Introduction

The epileptic neuronal activity is characterized by abnormal synchronization, excessive glutamate excitation and/or inadequate GABA inhibition, affecting small or large neuronal aggregates (ictogenesis) [1]. Although neurons play a prominent role in the initiation and the propagation of a seizure in time and space, increasing evidence suggests that astrocytes are critically involved in the biochemical/histological process of initiation and maturation of an “epileptogenic focus” (epileptogenesis) [15]. Gliosis is, in fact, a constant feature in the otherwise normal appearing tissue of epileptic patients [6]. Astrocytes guarantee extracellular homeostasis by removing extracellular K+ and, via the enzyme glutamine synthetase (GS), they protect neurons against excitotoxicity by taking up ammonia and glutamate in excess and converting the latter into glutamine [7]. Glutamine synthetase is an enzyme mainly present in glial cells [8] and its distribution and expression are more pronounced in the brain regions where glutamic acid-transmitting synapses are abundant [911]. Glutamine synthetase is present in normal, reactive, and neoplastic astrocytes and its increase during astrocyte maturation indicates that enzyme activity is associated with astrocyte differentiation [10, 12, 13]. In fact, all astrocytoma show positive reaction to GS with an inverse correlation between histological malignancy and the degree of GS expression [14, 15].

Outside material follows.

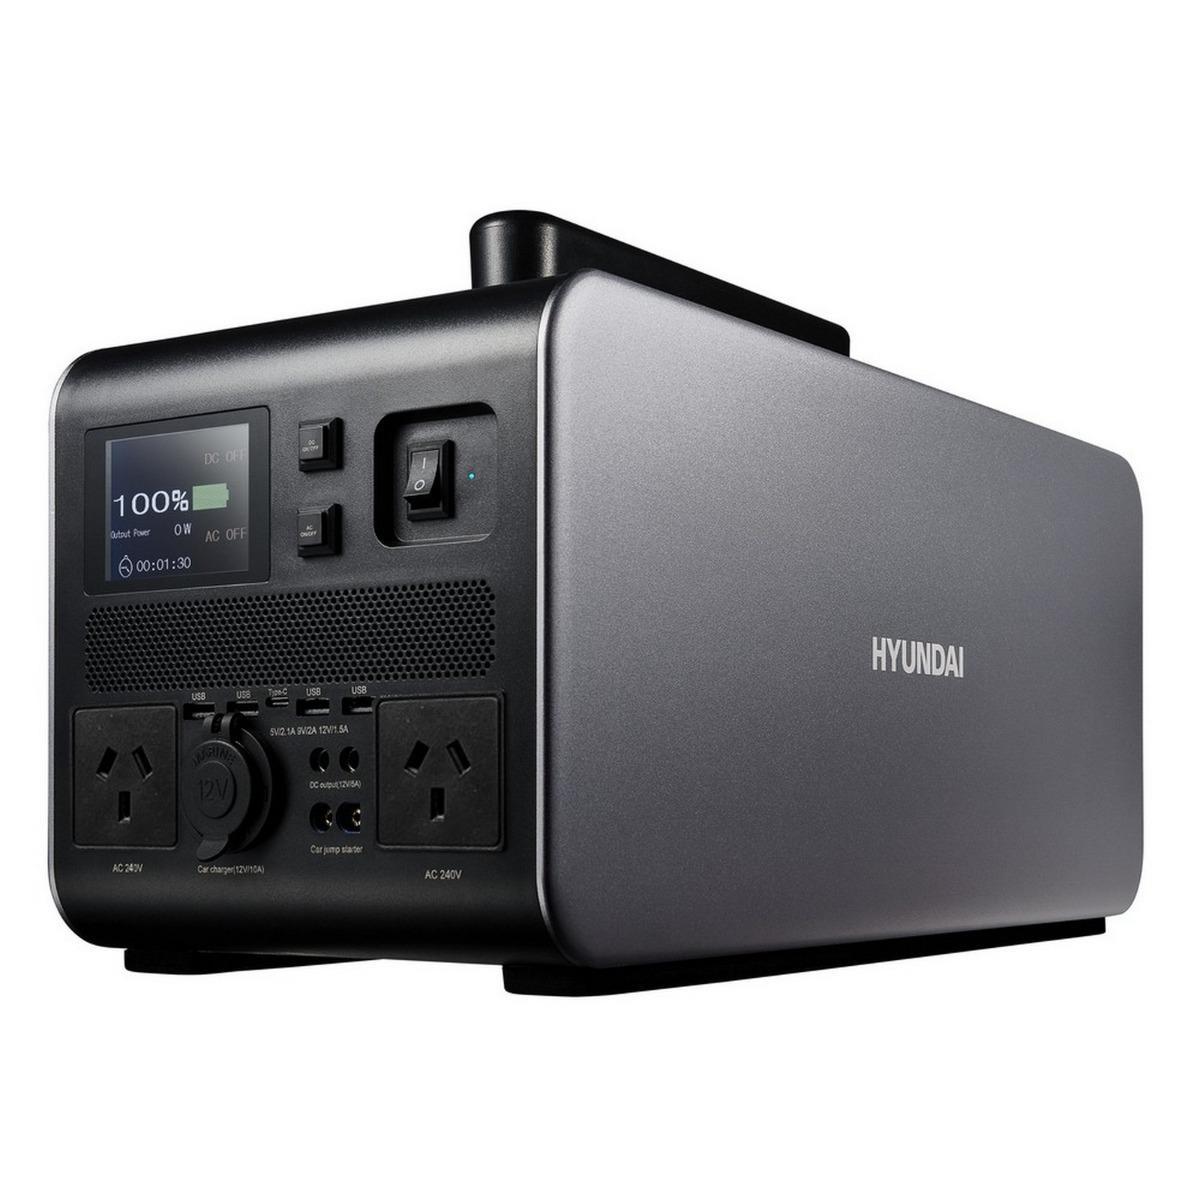 Hyundai 1500W / 3000W max LiFePO4 Lithium Power Station AC/DC - 137Ah Battery

A loss of GS has been reported in mesial temporal sclerosis hippocampus with epilepsy [16] and in the brain of seizure-prone gerbils compared with animals not prone to seizures [17], suggesting that a GS deficiency in astrocytes may be a possible molecular basis for extracellular glutamate accumulation and seizure generation [18].

Even though the epileptogenesis in glioma is multifactorial [19], it is conceivable that a down-regulation of GS in astrocytes may have an important pro-epileptogenic role, through the slowing of glutamate–glutamine cycle [20] and glutamate accumulation [21].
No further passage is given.